INSTRUCTIONS FOR THE TASK
Write out the lines of the material below exactly, beginning at the line with "Αντίγραφα ασφαλείας (Backup) στα Windows 10" and stopping after the line with "La California in", and leave out the pictures.

DATA EXTRACT
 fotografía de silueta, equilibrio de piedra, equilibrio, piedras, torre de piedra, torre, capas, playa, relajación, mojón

...

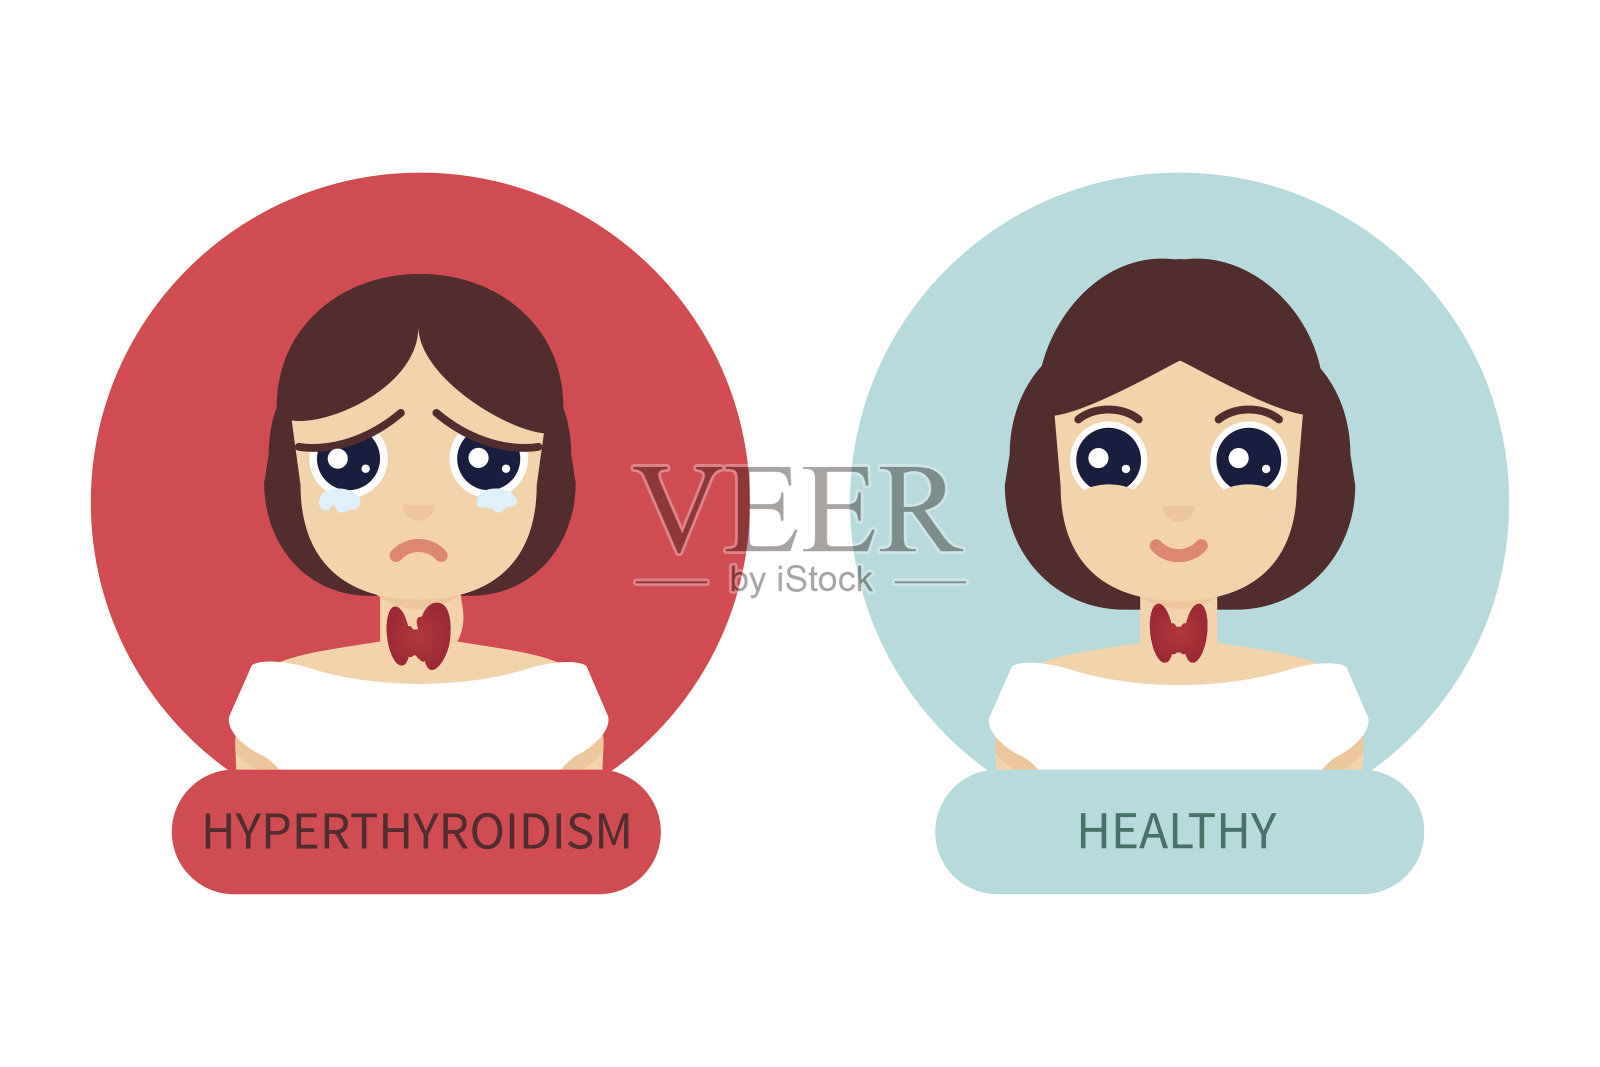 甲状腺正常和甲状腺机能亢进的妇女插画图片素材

* * *

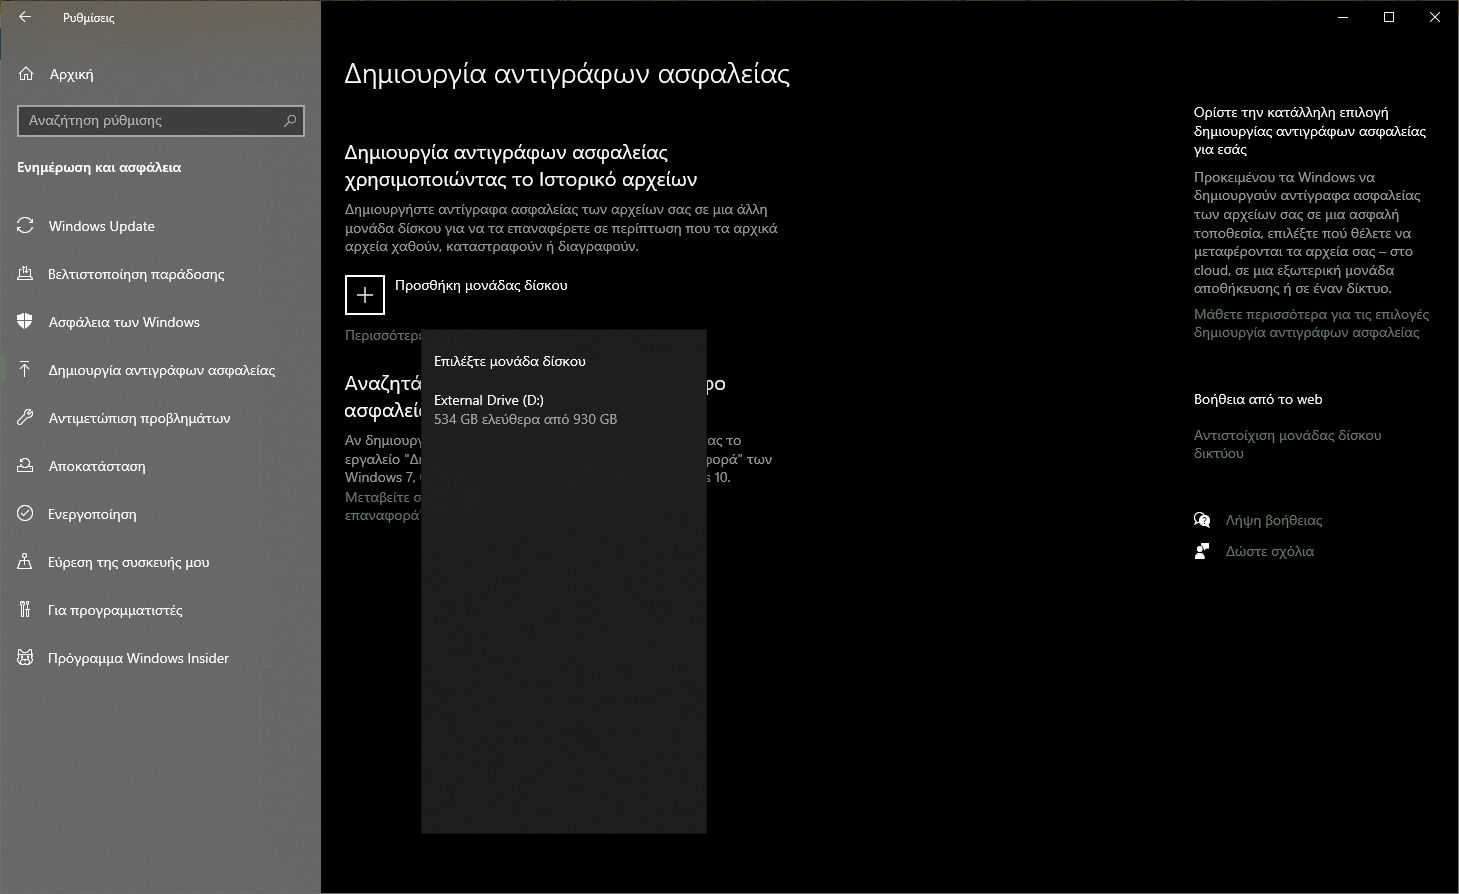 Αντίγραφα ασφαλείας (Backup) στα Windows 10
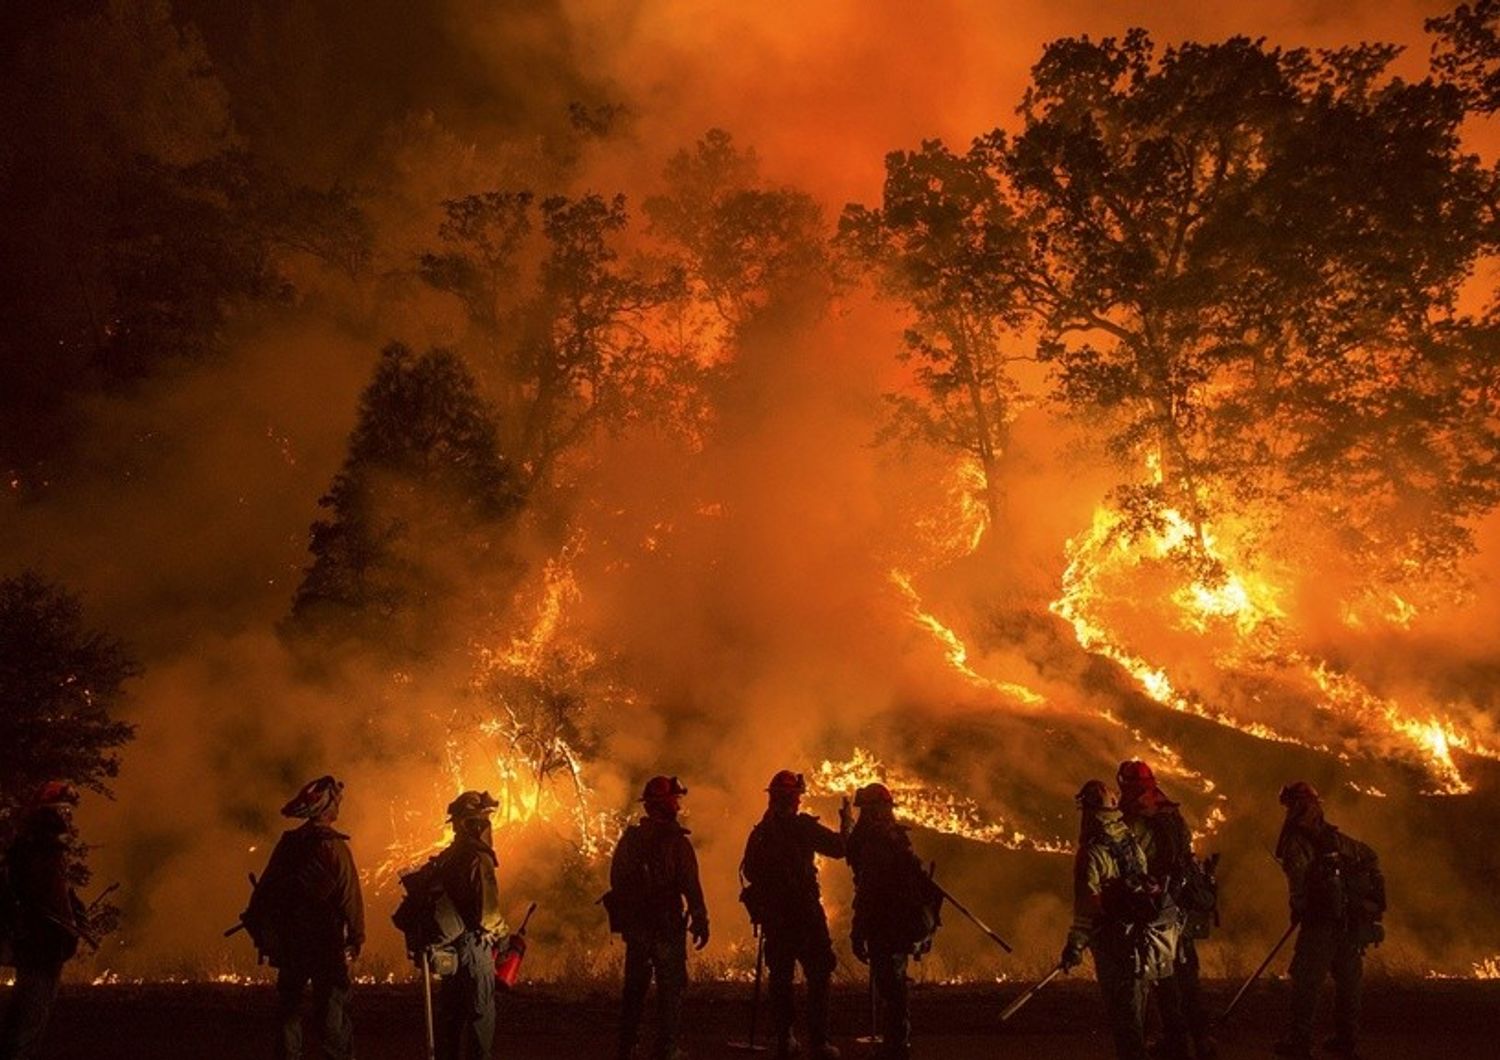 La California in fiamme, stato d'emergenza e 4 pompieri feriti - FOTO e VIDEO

RESPONSE BELOW
 Αντίγραφα ασφαλείας (Backup) στα Windows 10
 La California in fiamme, stato d'emergenza e 4 pompieri feriti - FOTO e VIDEO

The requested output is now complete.